* **STORED DATA**
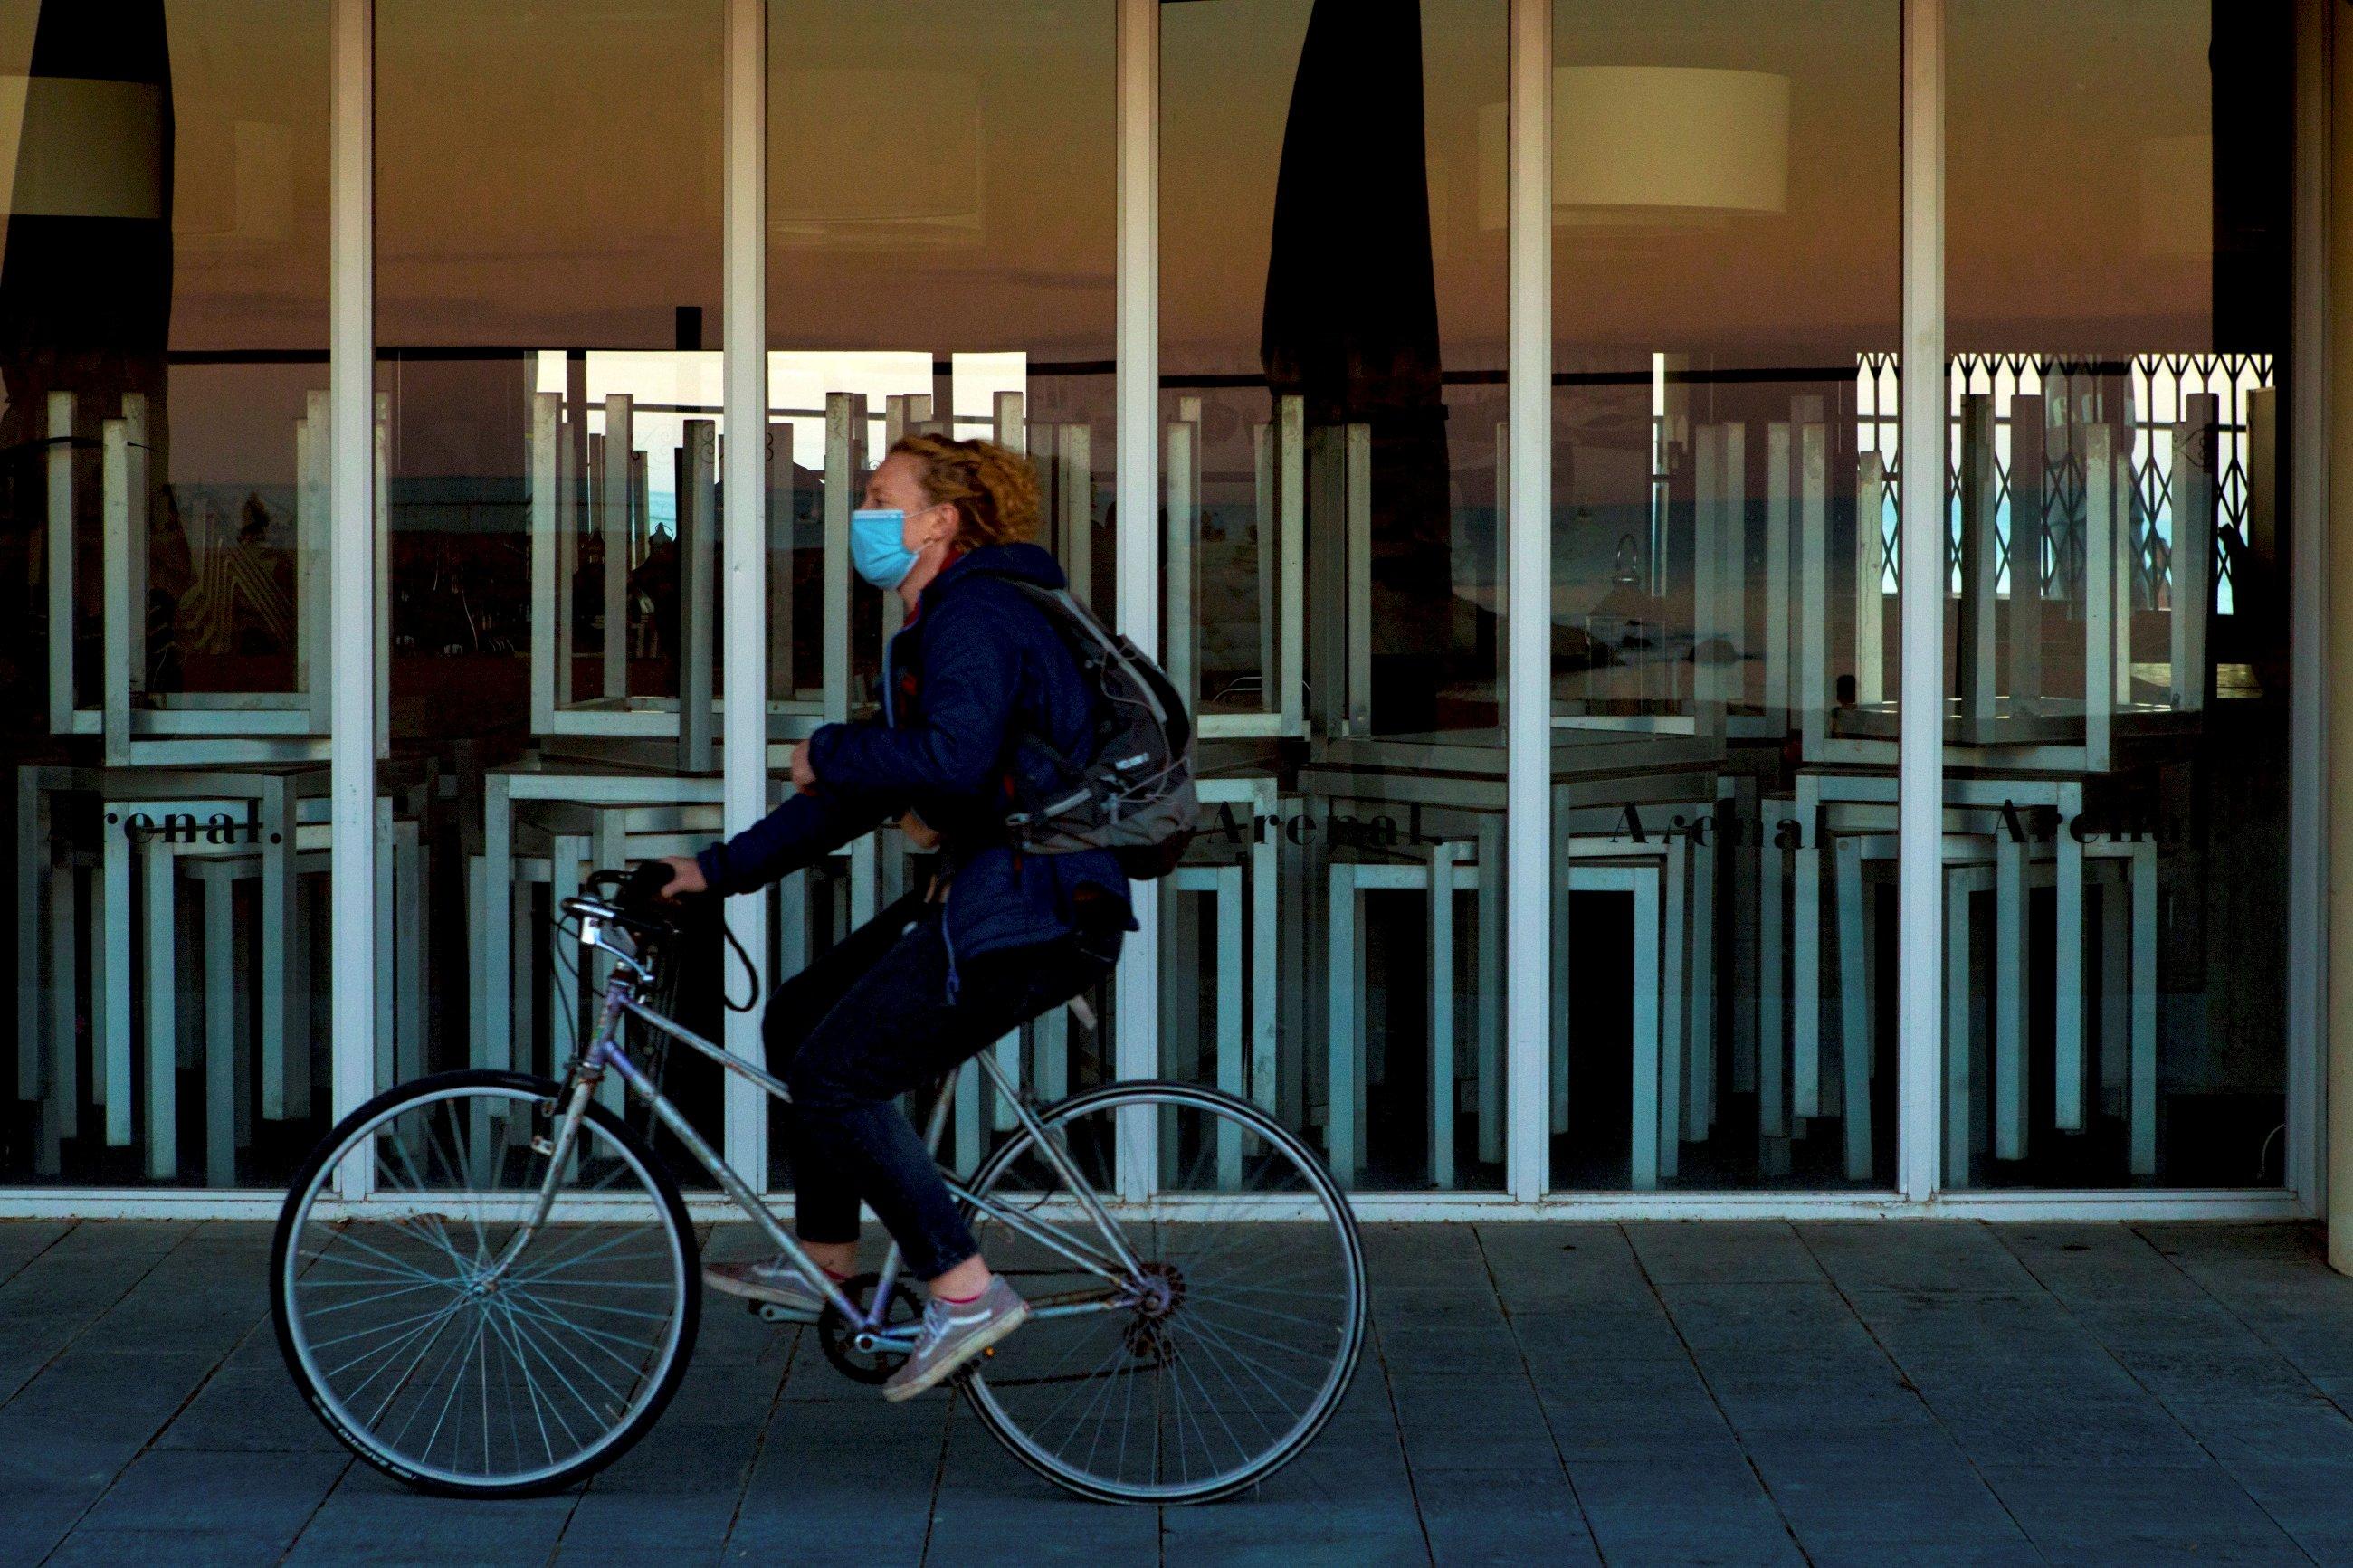 Una mujer pasea en bicicleta con la mascarilla puesta en Barcelona, durante la pandemia de coronavirus de 2020 | EFE/EF/Archivo
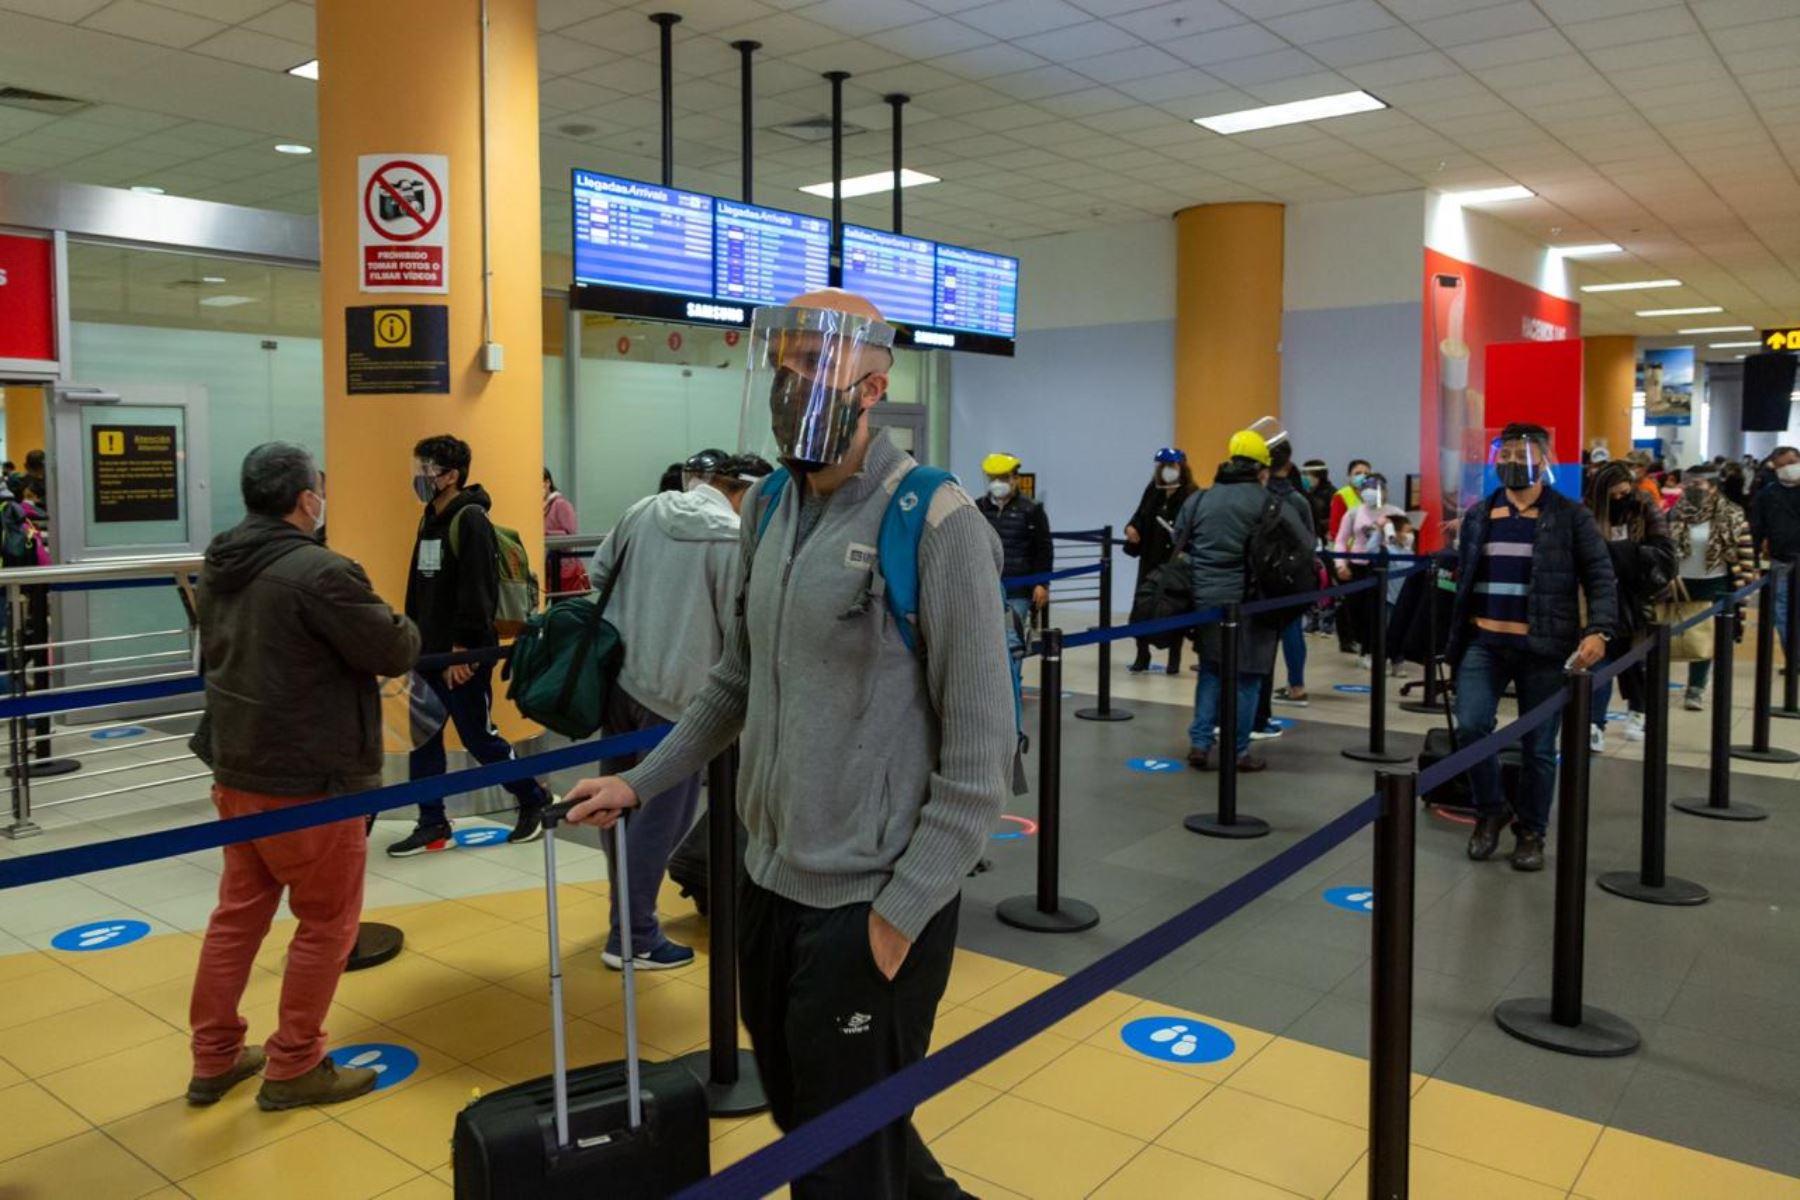 El Gobierno decidió suspender el requisito de prueba molecular o PCR para viajar por vía aérea desde las provincias con nivel de alerta extremo hacia otros destinos nacionales, anunció hoy la ministra de Comercio Exterior y Turismo, Claudia Cornejo. ANDINA/Difusión
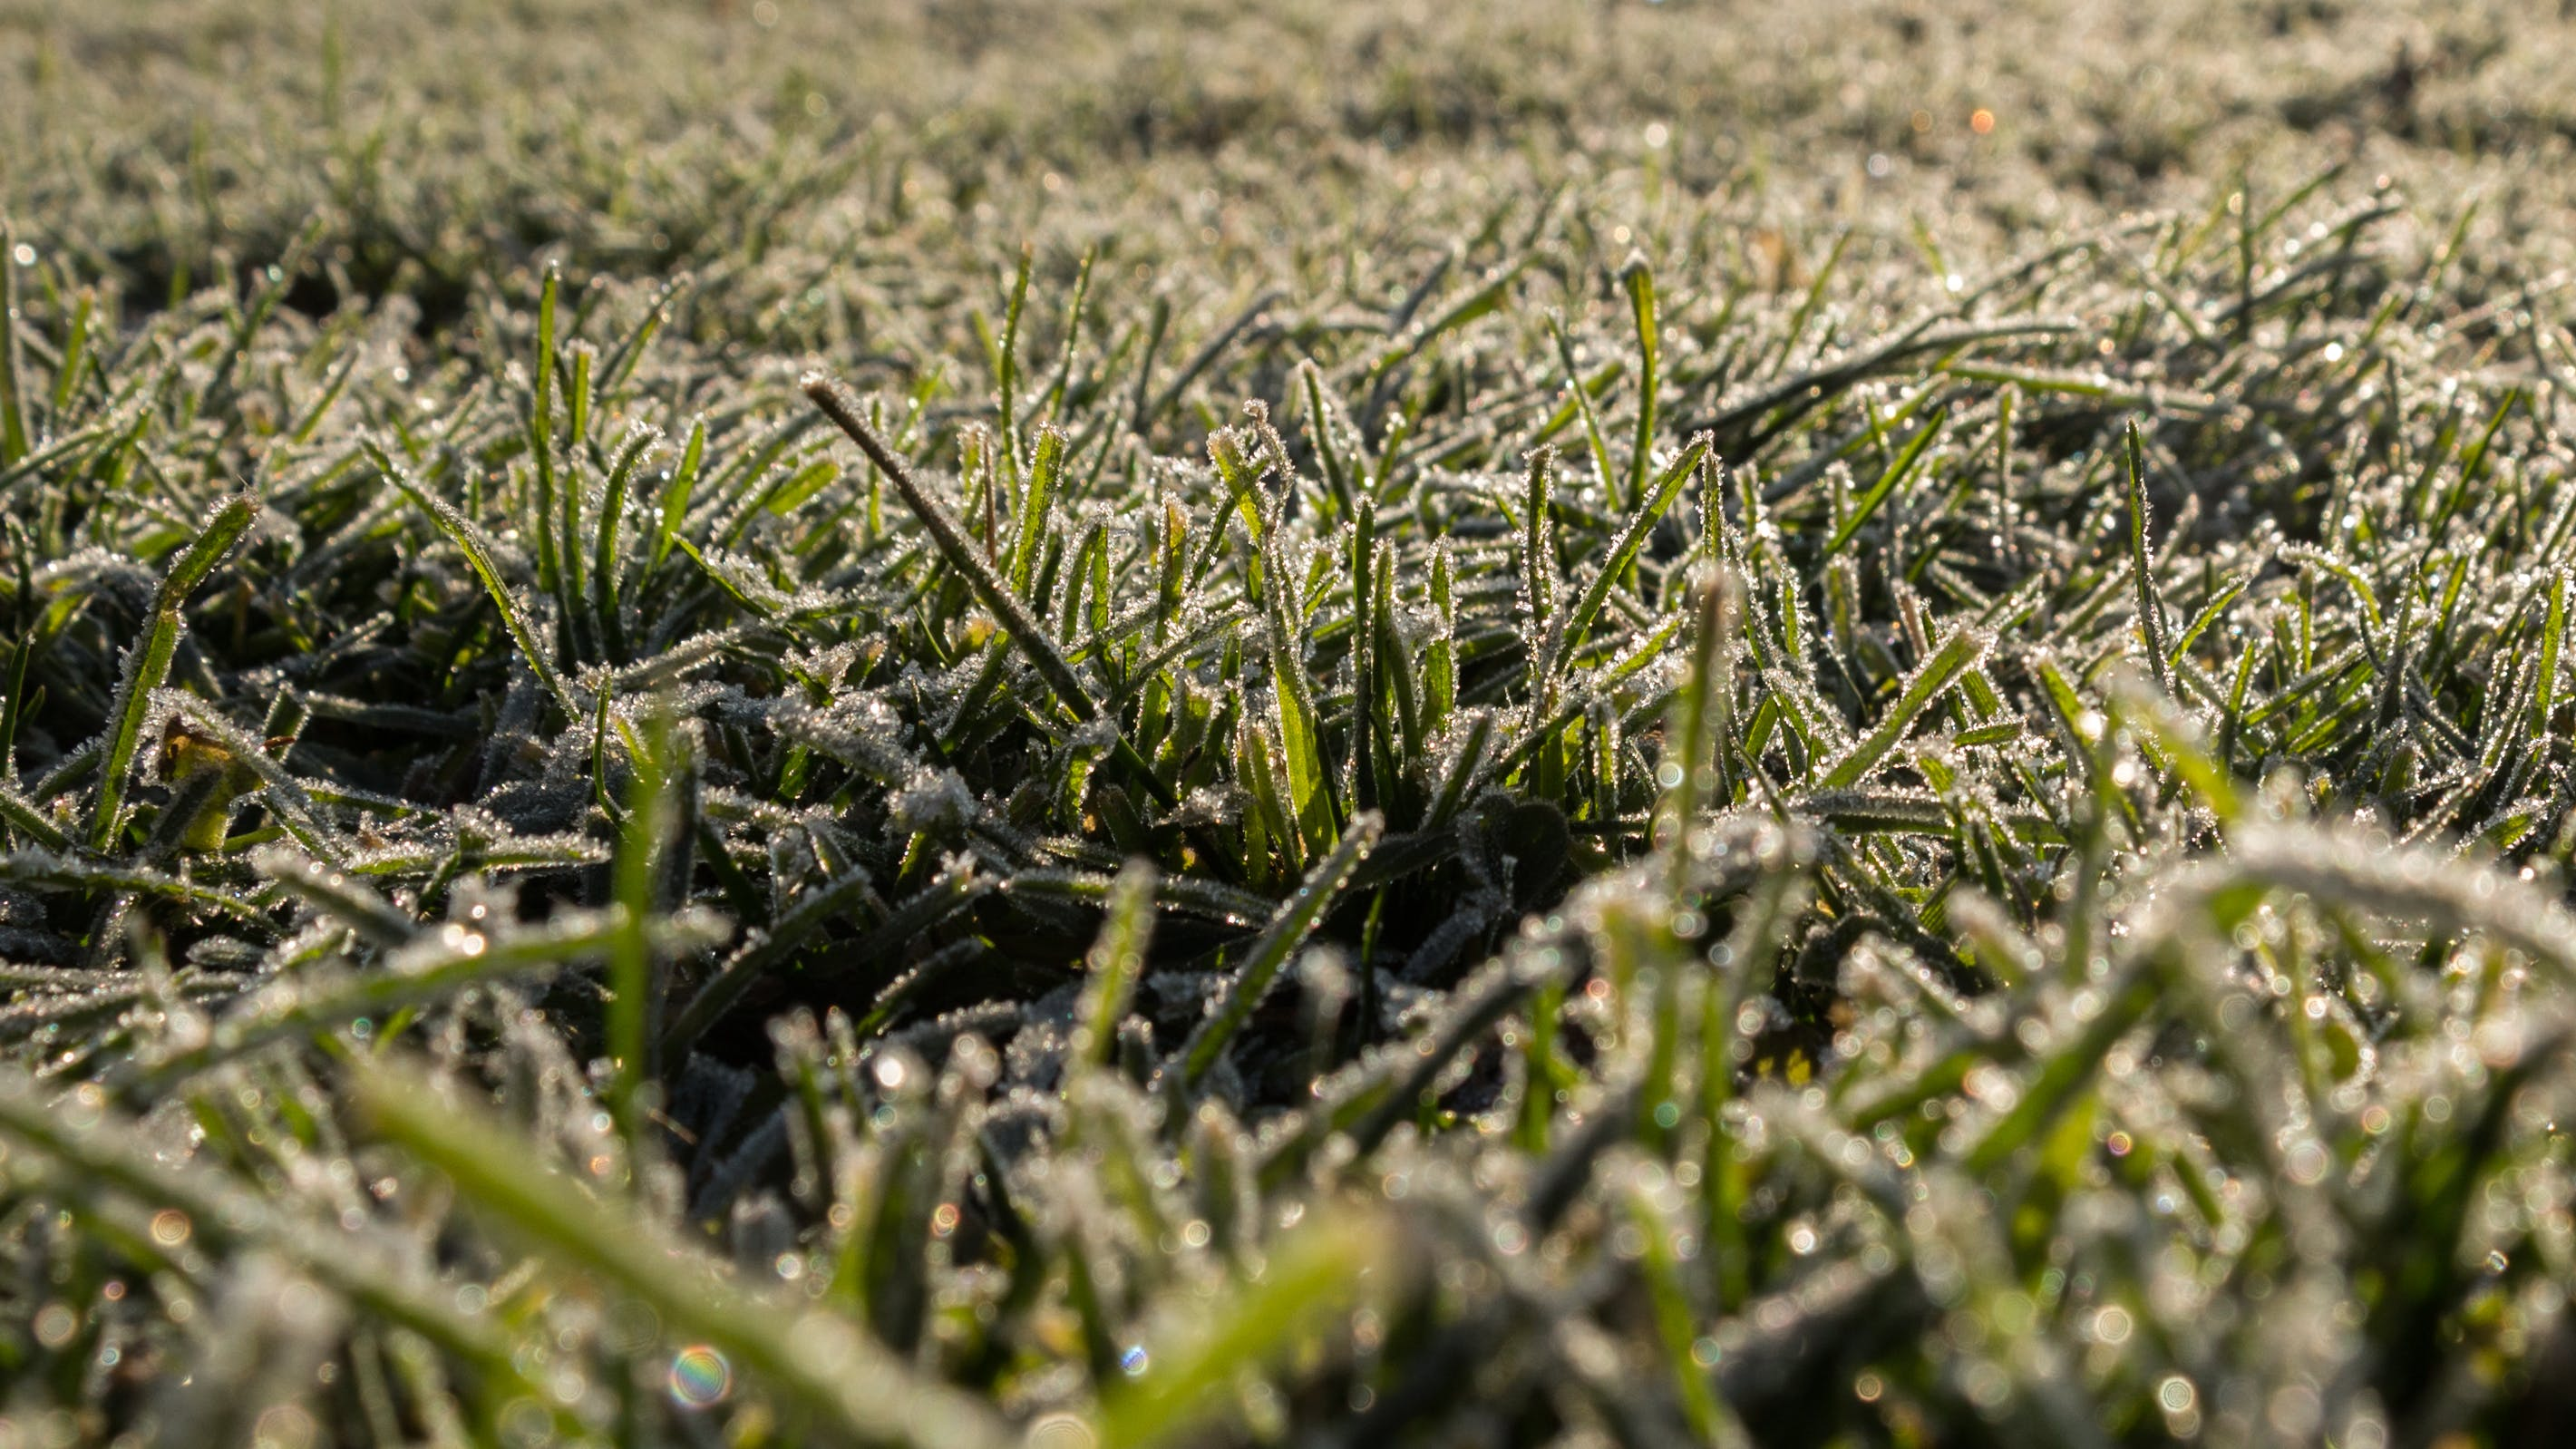 Gratis stockfoto met aarde, close-up, gras, groei

* **PROBLEM STATEMENT**
Keep the pictures out, and write out the rest of the data above word for word.

* **EXERCISE ANSWER**
 Una mujer pasea en bicicleta con la mascarilla puesta en Barcelona, durante la pandemia de coronavirus de 2020 | EFE/EF/Archivo
 El Gobierno decidió suspender el requisito de prueba molecular o PCR para viajar por vía aérea desde las provincias con nivel de alerta extremo hacia otros destinos nacionales, anunció hoy la ministra de Comercio Exterior y Turismo, Claudia Cornejo. ANDINA/Difusión
 Gratis stockfoto met aarde, close-up, gras, groei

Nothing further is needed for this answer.